* _YOUR OBJECTIVE_: Omit all pictures and transcribe only the lines in the entries below that run from the line with "On Becoming a" through the line with "PEPPERMINT - Fragrance".

* _RECORDS FOR THE TASK_:

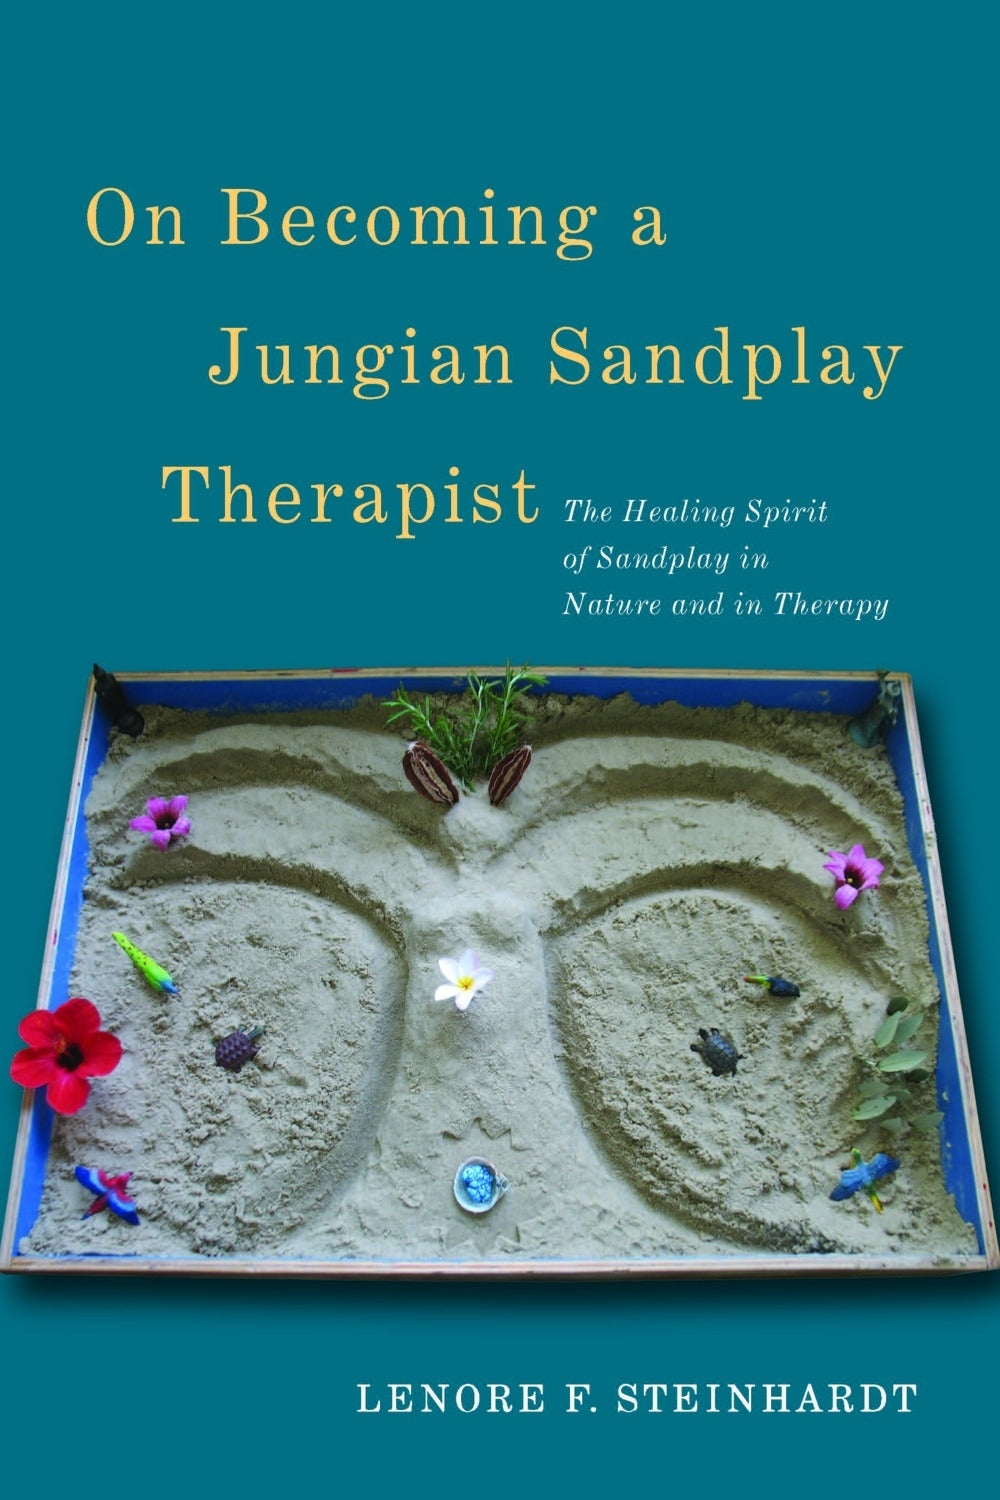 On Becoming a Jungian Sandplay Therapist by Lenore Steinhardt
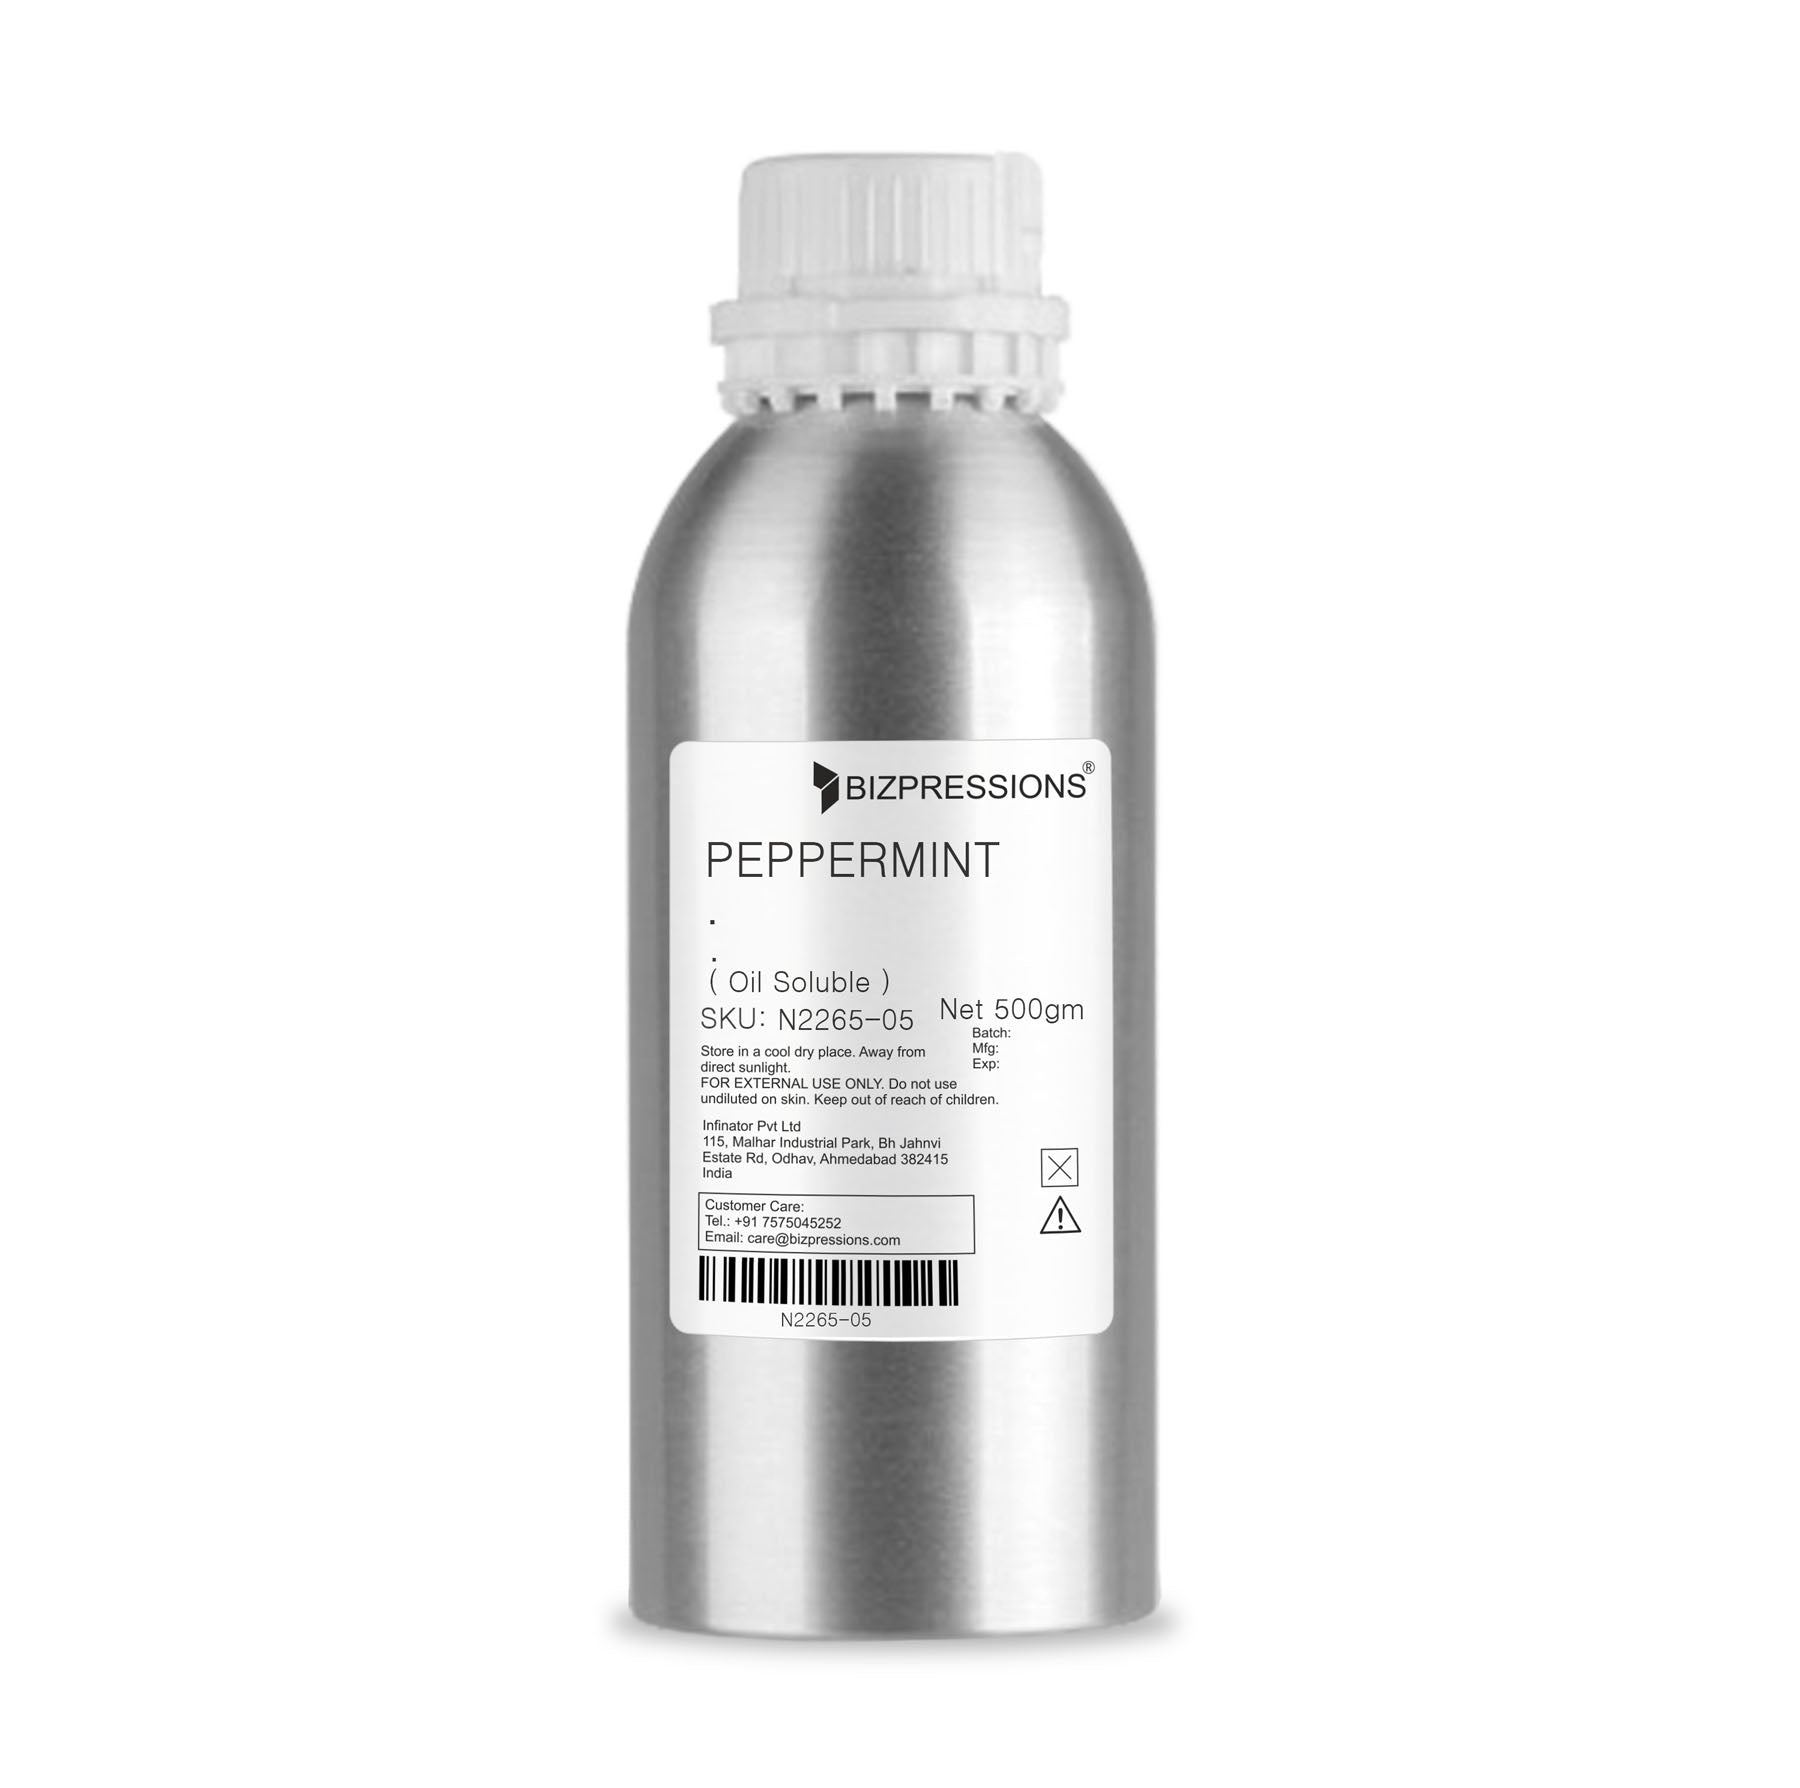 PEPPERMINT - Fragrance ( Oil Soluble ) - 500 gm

...

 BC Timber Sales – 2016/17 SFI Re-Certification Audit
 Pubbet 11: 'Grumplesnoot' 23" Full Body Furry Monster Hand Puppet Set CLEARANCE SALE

--

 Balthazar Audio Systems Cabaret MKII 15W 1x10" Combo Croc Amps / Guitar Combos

* _YOUR SOLUTION_:
 On Becoming a Jungian Sandplay Therapist by Lenore Steinhardt
 PEPPERMINT - Fragrance ( Oil Soluble ) - 500 gm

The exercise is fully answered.